This article is the first of two about the 100 MW biomass incinerator proposed for Gainesville, FL, and will touch upon a few of the many substantive problems that put ratepayers and the utility at risk.  This article is based in part on an interview with Paula Stahmer, an attorney and former Chair of the Conservation Committee of the Suwannee-St. John’s Group of the Sierra Club. She was an Intervener before the Public Service Commission’s consideration of Gainesville Regional Utilities-Gainesville Regional Energy Center”s (GRU-GREC) Need application. The PSC was divided 3-2 in voting on the application and the Interveners have appealed to the Florida Supreme Court.  All factual assertions can be documented via public records.

Biomass Incinerator Could Bankrupt Gainesville

“Biomass incineration is NOT clean and green; it’s neither sustainable nor truly renewable; it’s not carbon neutral; not cost effective, and
it’s neither environmentally friendly nor ecologically sound.”
(Per “Stop The Biomass Boondoggles: Incinerators Harm the Environment” by Dr. Tom Termotto)

Despite GRU’s marketing sound bites and hype wrapping things in green ribbons, this project is not designed to improve the environment or shore up the assets of GRU, but to capitalize on the availability of subsidies and greenwash opportunism in a classic carpetbagger wager that will make the bio-burner company American Renewables (“AR,” doing business as “GREC, LLC”) much richer.  Its property taxes will be paid by GRU (i.e. the ratepayers), thus showing bogus revenues to the city and other taxing districts.

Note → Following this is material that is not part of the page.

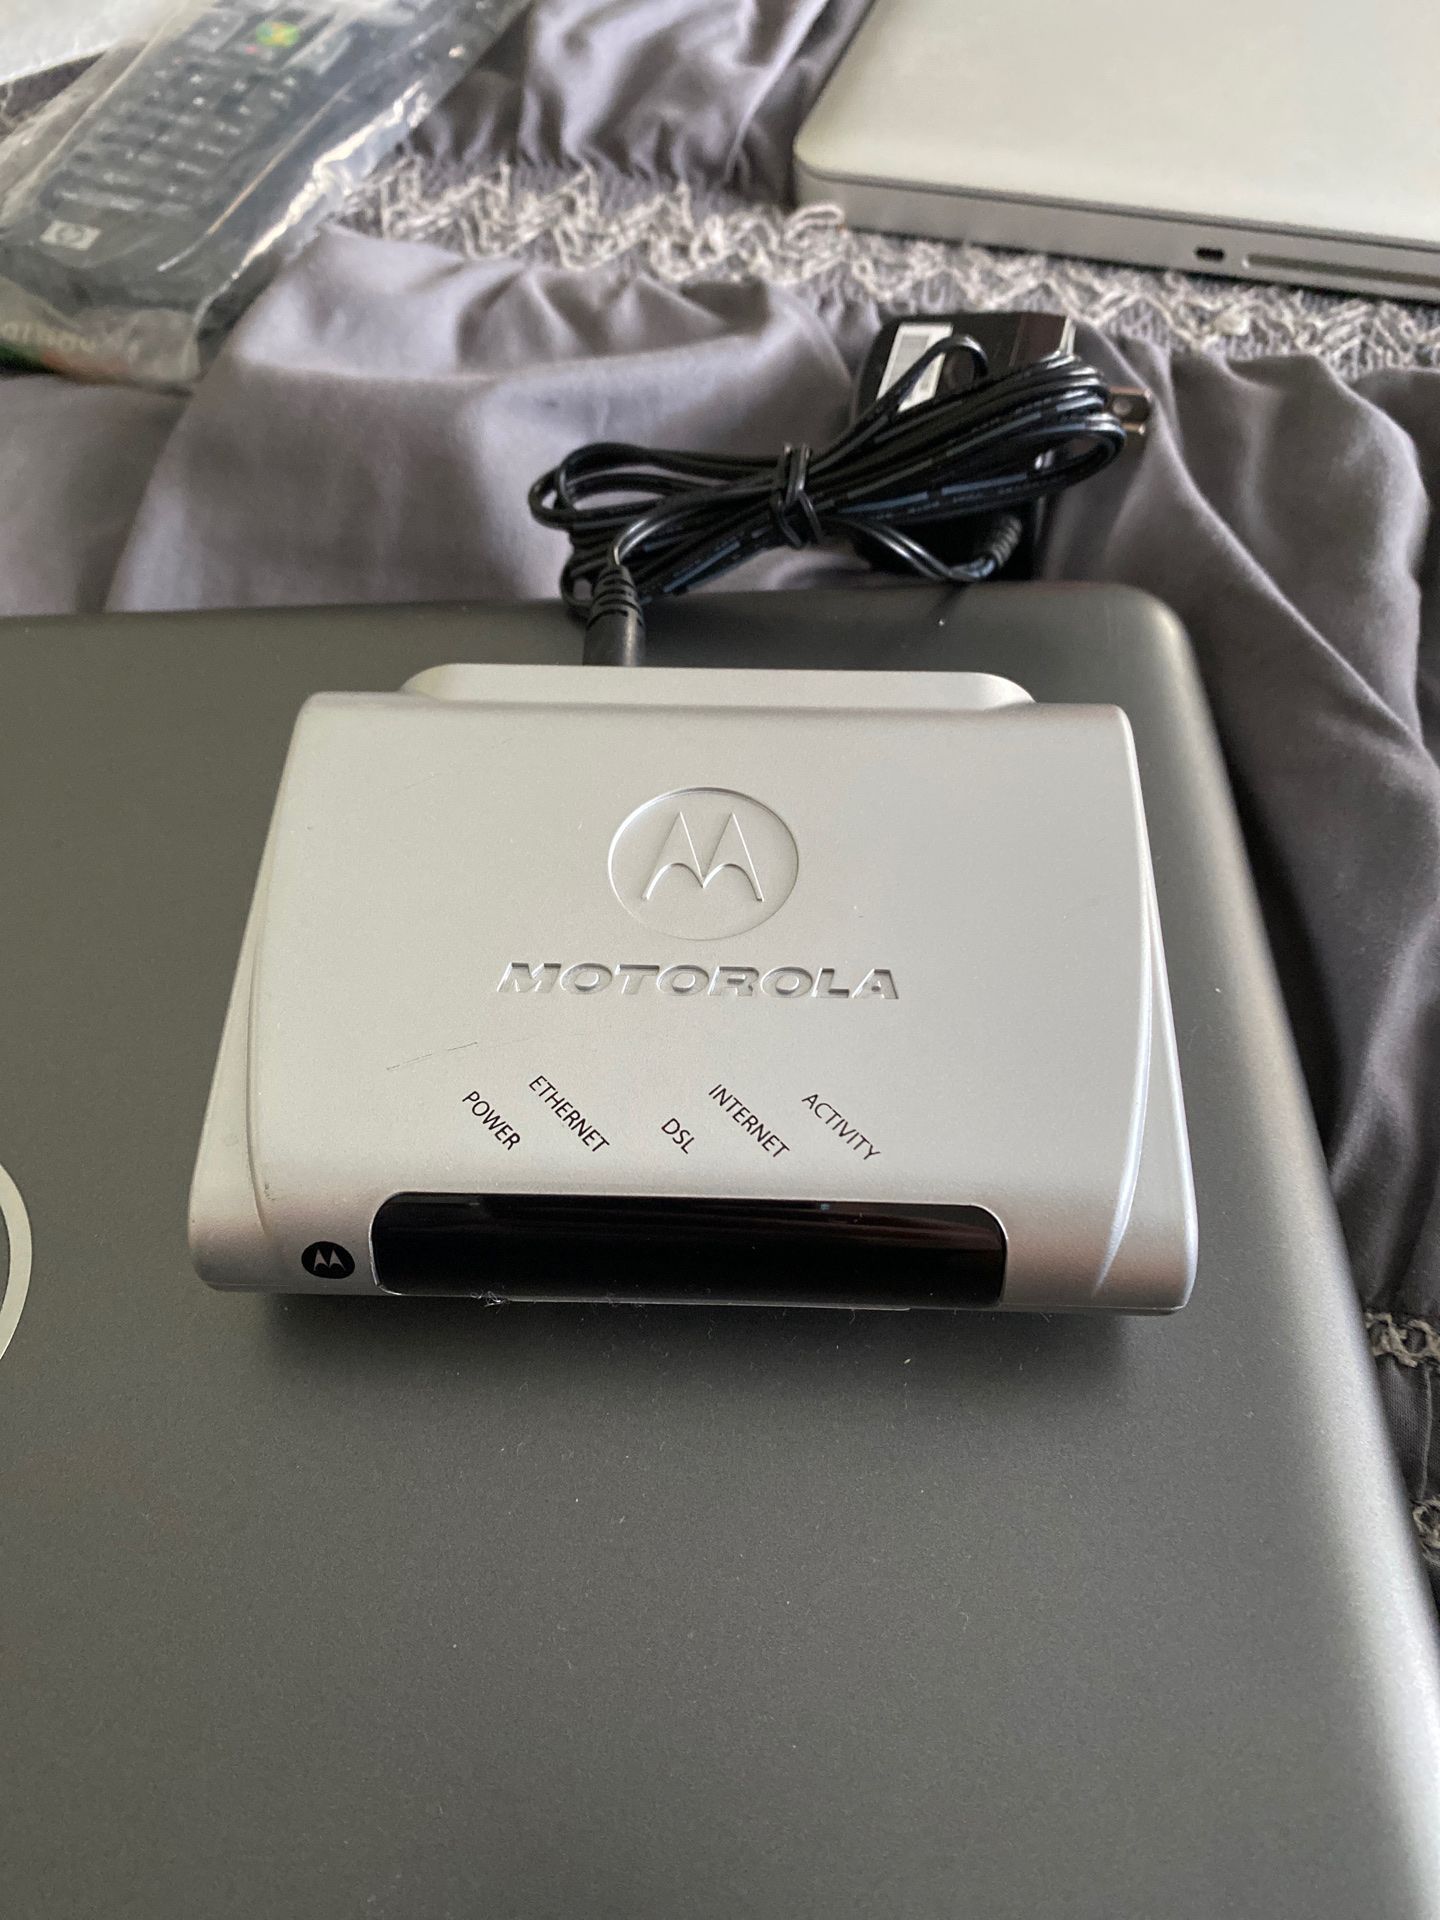 Motorola DSL modem

Meanwhile the owners of the plundered public resource, the ratepayers, will be left to pay a multi-billion dollar bill. This onerous long-term financial burden will effectively foreclose the city’s ability to invest in proven and much more cost effective alternative energy programs such as solar power.

Lack of Necessity: The city, GRU, AR, and the PSC all readily admit that GRU has no need for new generating capacity until 2023, at the earliest. Given the accelerating improvements in energy technology and the still uncertain regulatory landscape, the only prudent action is to take advantage of this breathing room to implement more “Demand Side Management (“DSM”)” conservation policies. By conserving, the city can push back the 2023 date even further.  That would be the sensible approach, not to saddle the citizens with a parasitic white elephant on public land. The city should not risk the utility’s very financial future for power that IS NOT NEEDED.

A false sense of urgency has been promoted by AR because it can see the handwriting on the wall. The opposition to biomass has been growing throughout the USA, as well as in Europe.  AR and GRU are anxious to “nail down” this project before Florida follows Massachusetts in reconsidering the wisdom of woody biomass. PSC Chairwoman Nancy Argenziano cut through to the point when she asked of the PSC staff concerning this GRU boondoggle: “If … you are saying there is no need for it right now, then why am I even looking at it?”

Carbon Footprint, Pollution & Health Impacts: This incinerator will produce 31% more CO2 by burning woody biomass than the retro-fitted Deerhaven Unit II Coal-fired Power Plant. So much for GREC helping to meet Kyoto Accords objectives. Additional effects on air quality will be the outpouring of numerous noxious chemicals, harmful contaminants and known carcinogens. The polluter’s DEP air permit application reveals an alarming list of toxic pollutants including dioxins, furans, PCBs, VOCs, mercury and lead.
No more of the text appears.